• _Data excerpt_:
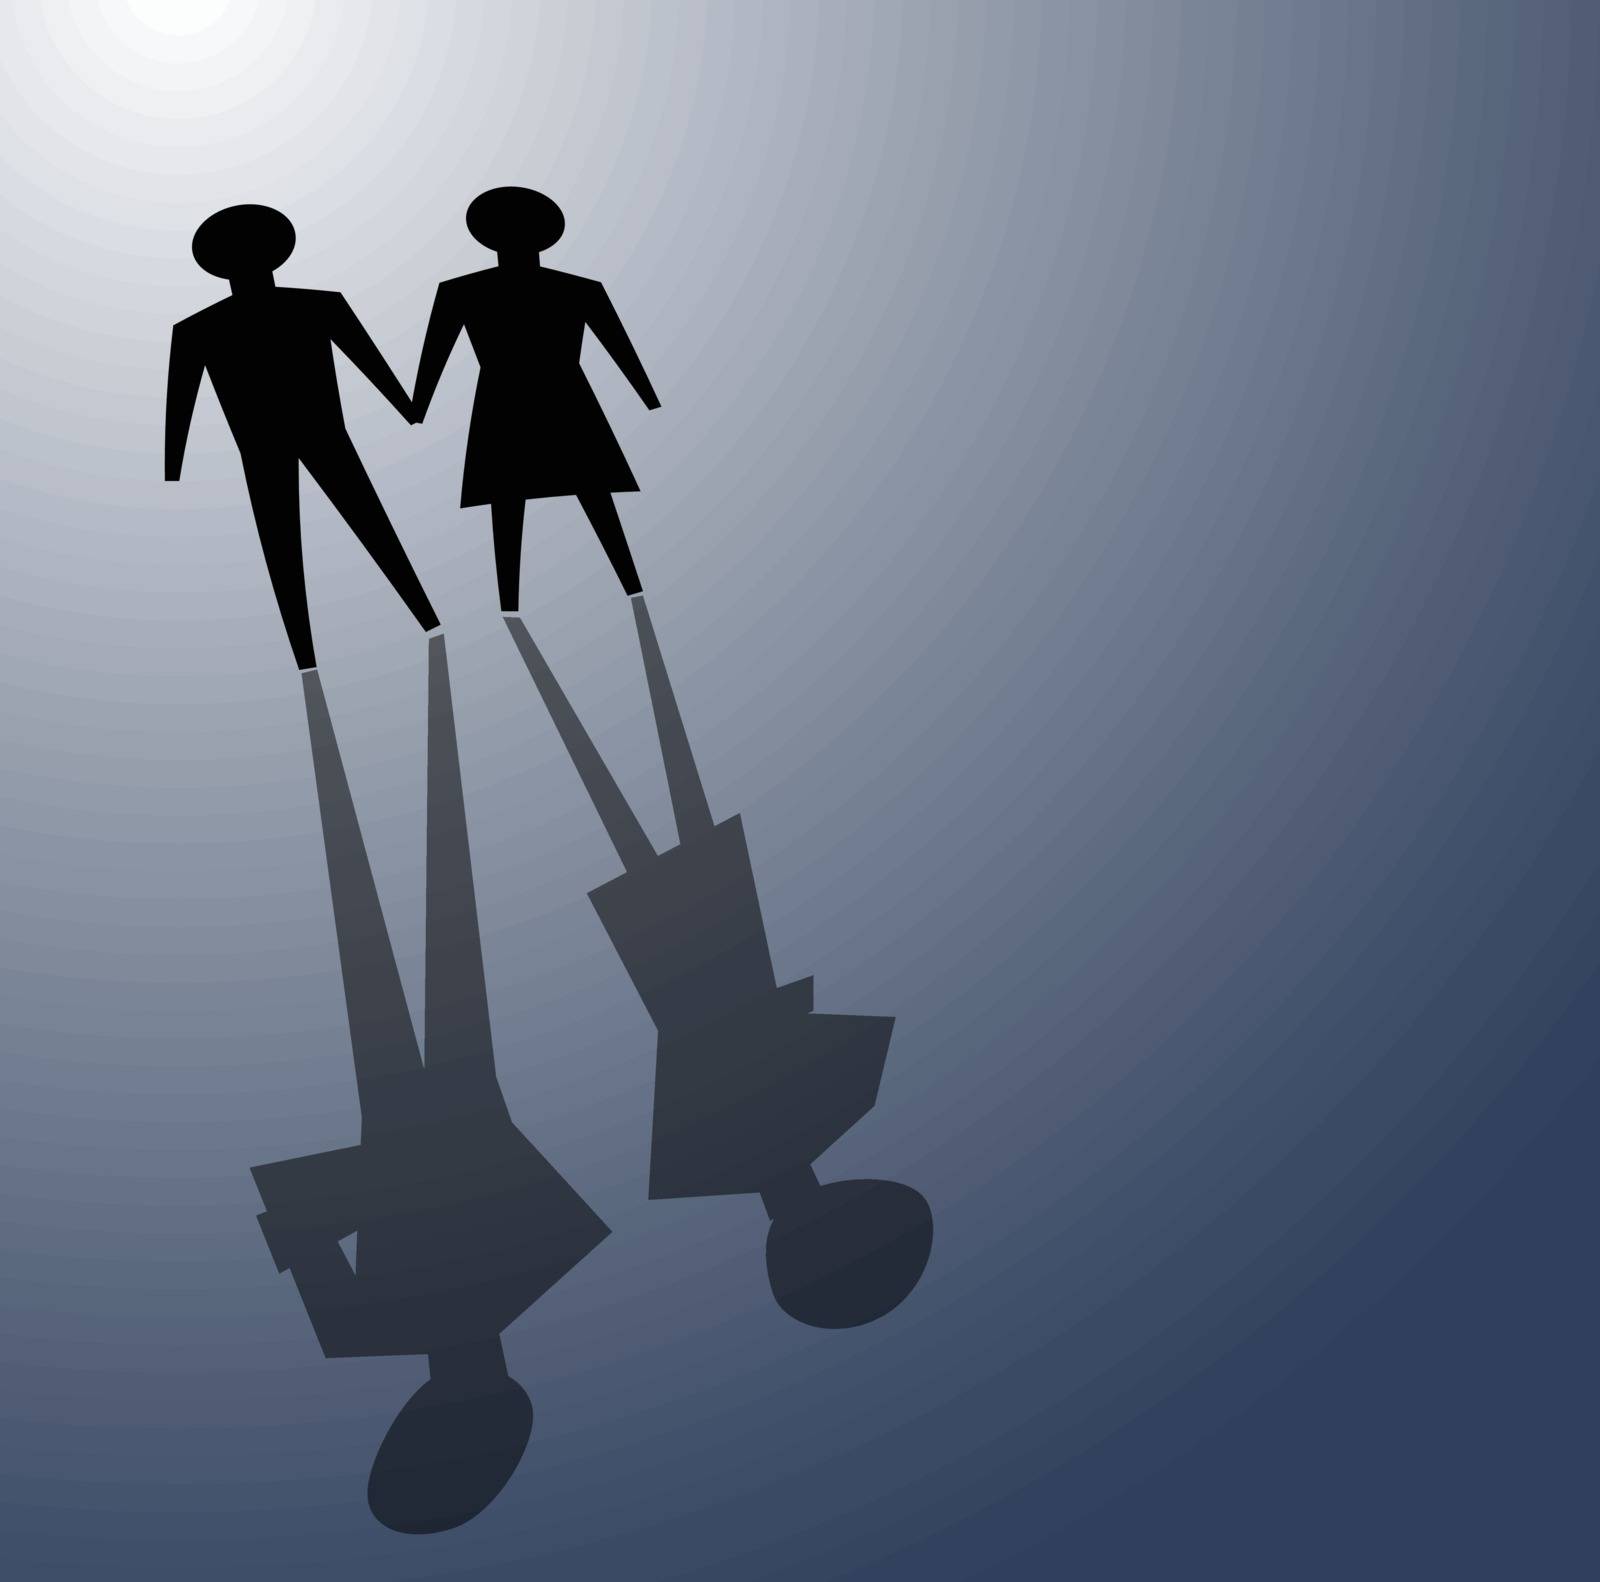 illustrations of broken relationship, couple shadow was ignoring each other.
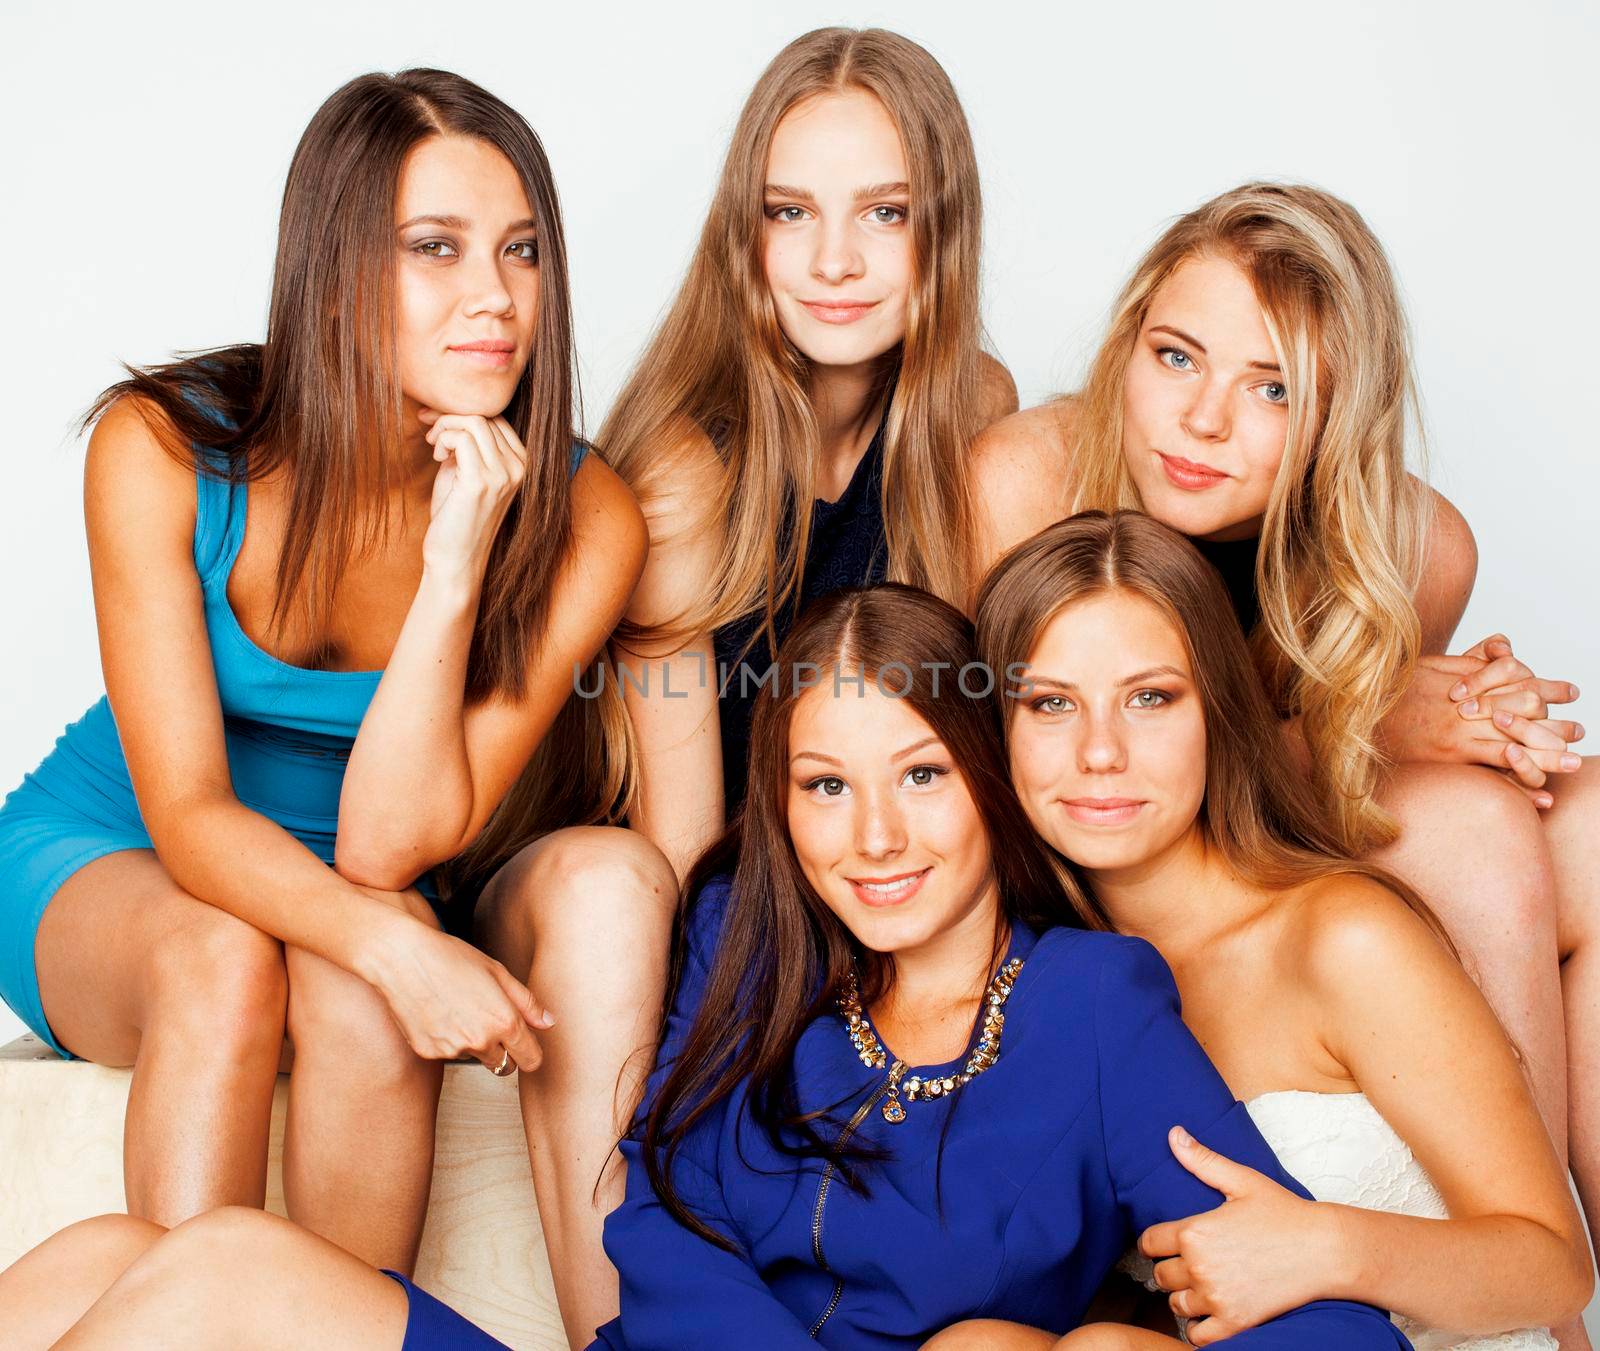 many girlfriends hugging celebration on white background, smiling talking chat, girl next door close up wondering sweety group, lifestyle real modern people
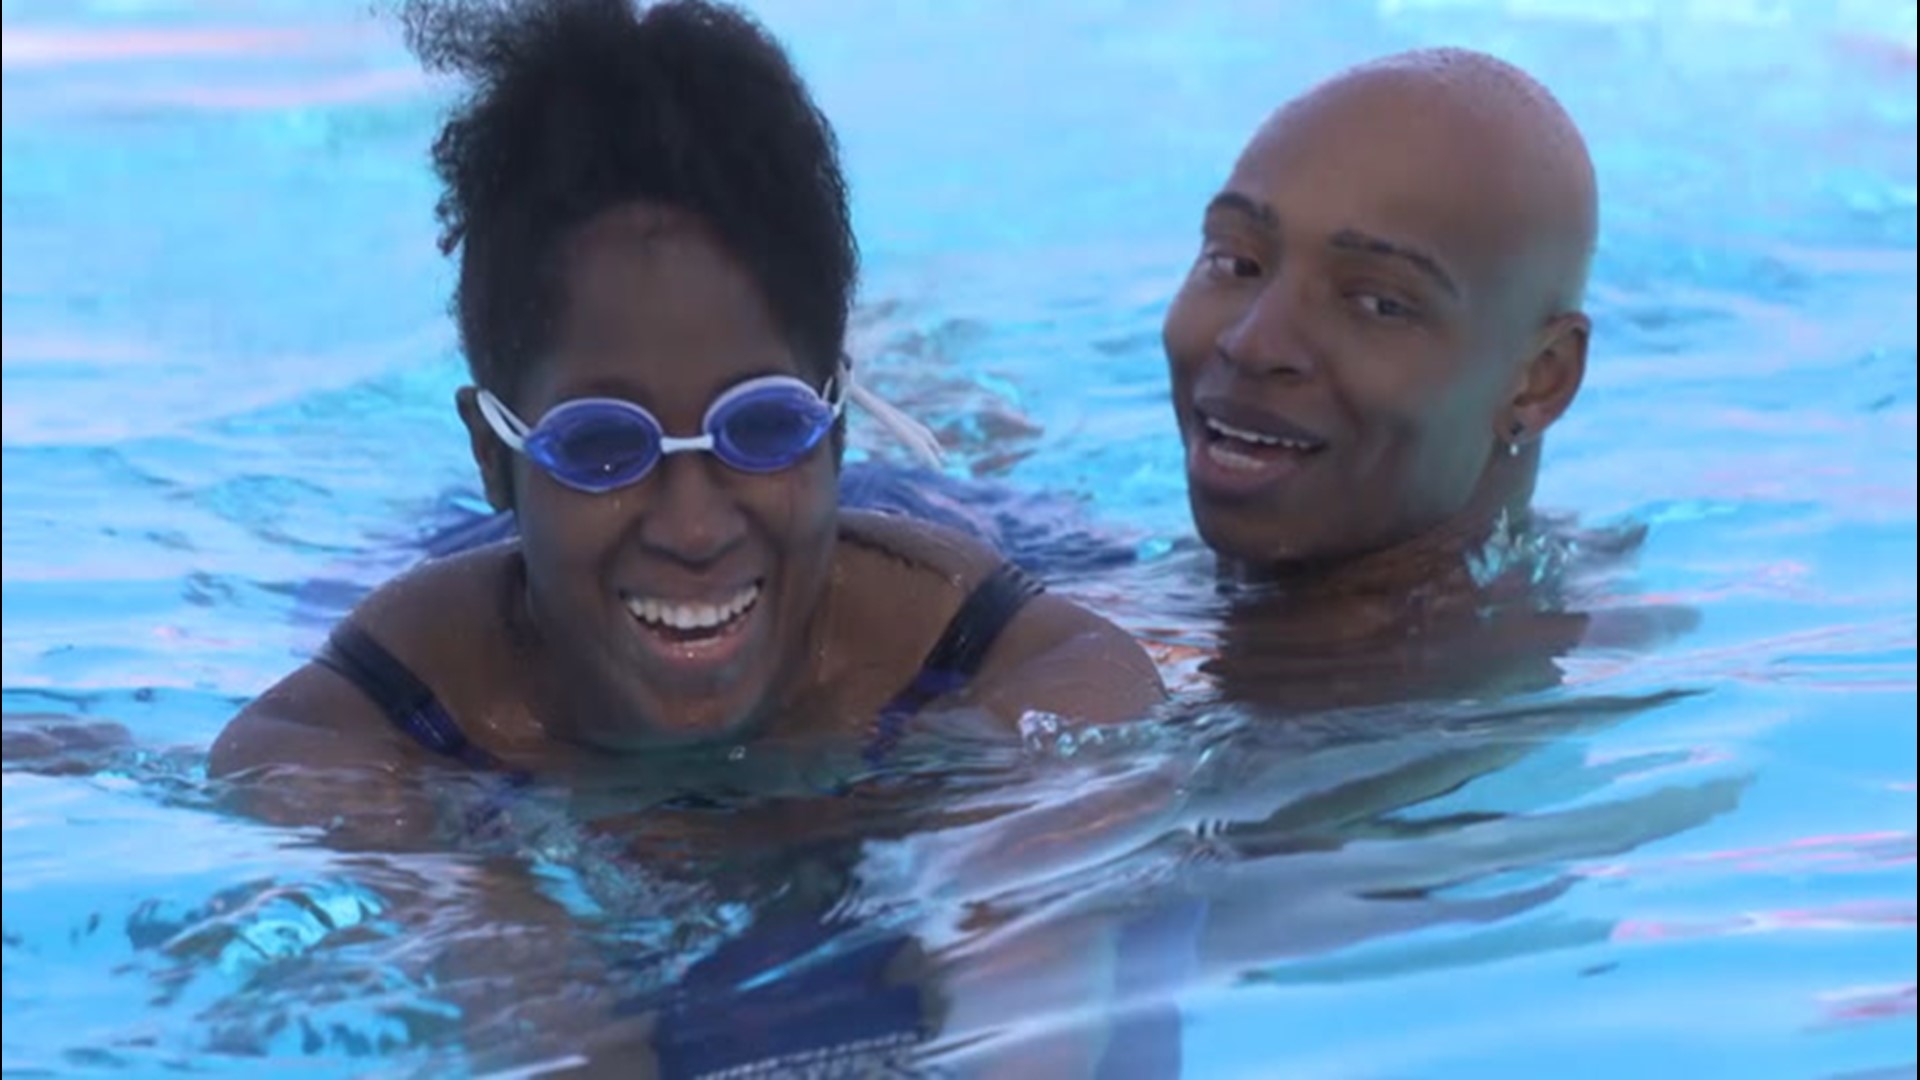 AccuWeather's Dexter Henry spoke with U.S. Olympian Cullen Jones, who is playing a roll to educate Americans about water safety.

• _Exercise brief_:
The whole listing above is to be printed exactly; the pictures stay out.

• _Completed task_:
 illustrations of broken relationship, couple shadow was ignoring each other.
 many girlfriends hugging celebration on white background, smiling talking chat, girl next door close up wondering sweety group, lifestyle real modern people
 AccuWeather's Dexter Henry spoke with U.S. Olympian Cullen Jones, who is playing a roll to educate Americans about water safety.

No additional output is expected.